The weather has been weird. Yesterday it was in the 40s in Copper Harbor, with gorgeous clear skies until sunset, while it was cloudy and 30-something here. However, by today, things had more or less righted themselves, as an arctic howler descended on Lake Superior. The temps were in the teens and the winds were in the mid-20mph range. There was some lake effect snow, but not enough to coat the deck. Here, we had some sunshine and 40-ish temperatures, although it clouded up in the later part of the afternoon. I guess the temps are supposed to crash here overnight.
It was a pretty day in Copper Harbor yesterday, but I didn't do a picture, because it looked about like it did on Tuesday. I kept a couple from today. The first one shows what light lake effect snow looks like (I hope to be able to show you heavy lake effect snow real soon). The second one is a mystery. Clearly, there was someone (something?) on my deck right before 4pm. It wasn't there at 3:40 and it wasn't there at 4:10. It almost looks fuzzy, except that whatever it was, was so close to the window that it is completely out of focus and I really can't tell.

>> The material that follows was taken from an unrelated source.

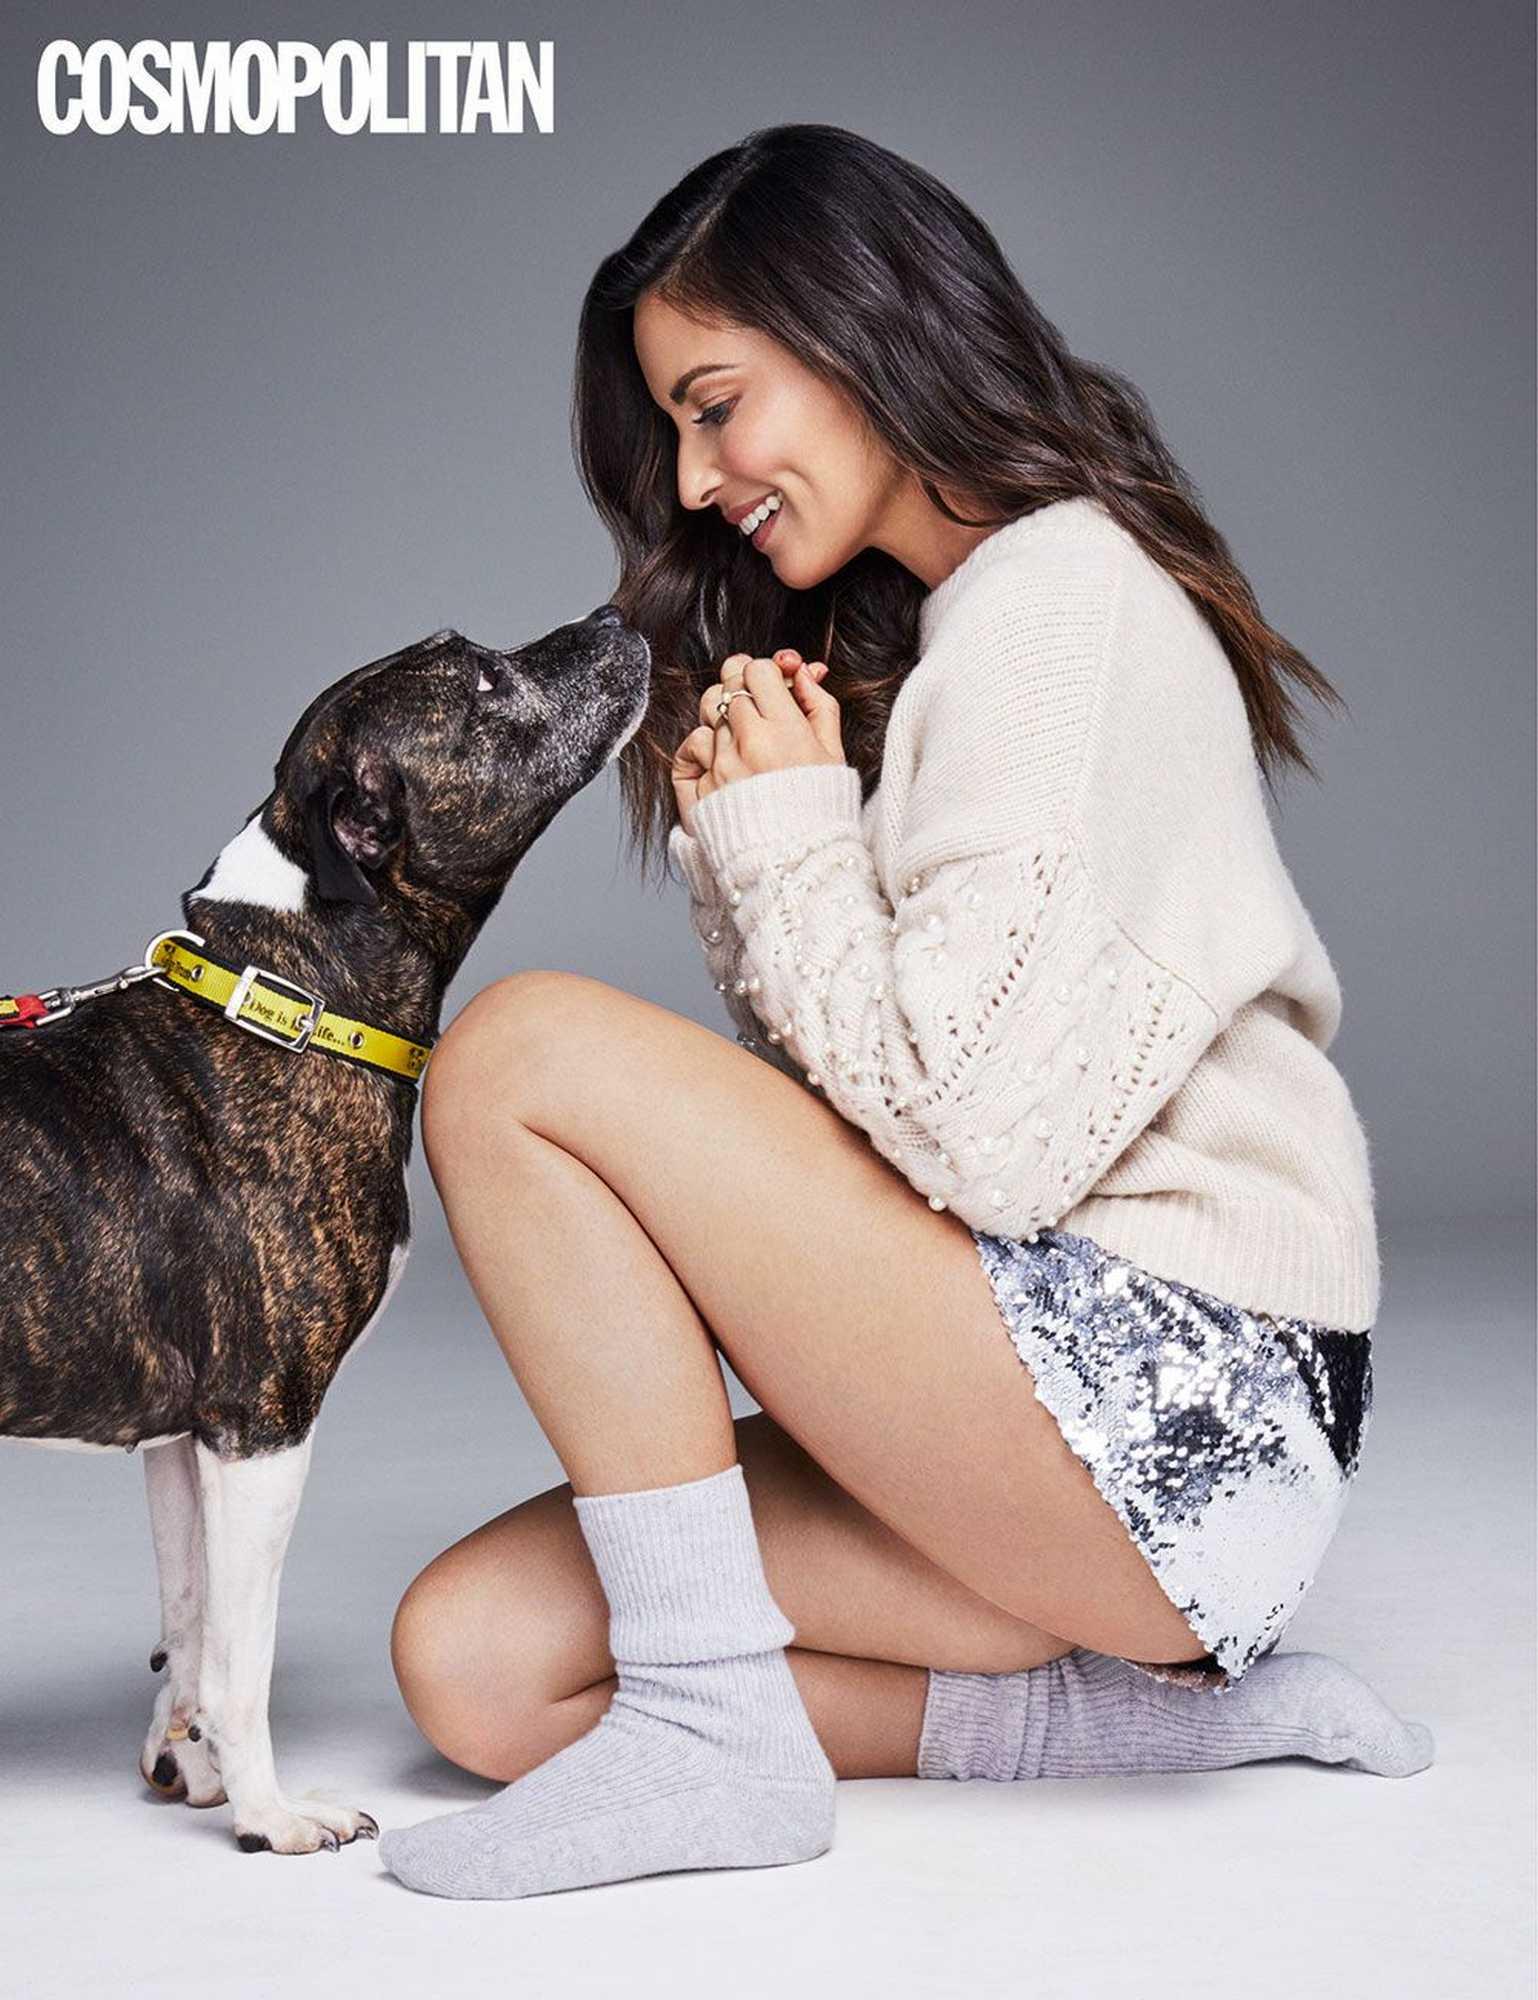 Olivia-Munn-Cosmopolitan-UK-December-201857979b1013963294.jpg

I've been going to call Tom and ask him if the electrician ever came to fix the generator, so I guess I will have to do that tomorrow. I'm pretty sure it wasn't Tom, because he drives the school bus, and he would have been on the road at that time. Times like this when I really wish I wasn't 600 miles away!
I think I have come down with a little cold. I've had a runny nose and scratchy throat since Saturday or Sunday, and now I feel really tired and headachy. I actually didn't sleep very well last night, which is usually also a good sign that I have something. It's practically impossible to avoid these things unless one is a hermit, and I seem to have a vague recollection of a child sneezing in my vicinity sometime in the past couple of weeks, which would have done it. I also confess to shirking my hand washing, which will also do it, as I know only too well. Just because my immune system isn't very compromised any more doesn't mean that I can go walking around in stores and handling shopping carts and things without washing my hands before I eat. That's only good hygiene, and I should never forget it.
So I will drag myself upstairs (did I or did I not clean off the bed before I came down?) and put myself to bed.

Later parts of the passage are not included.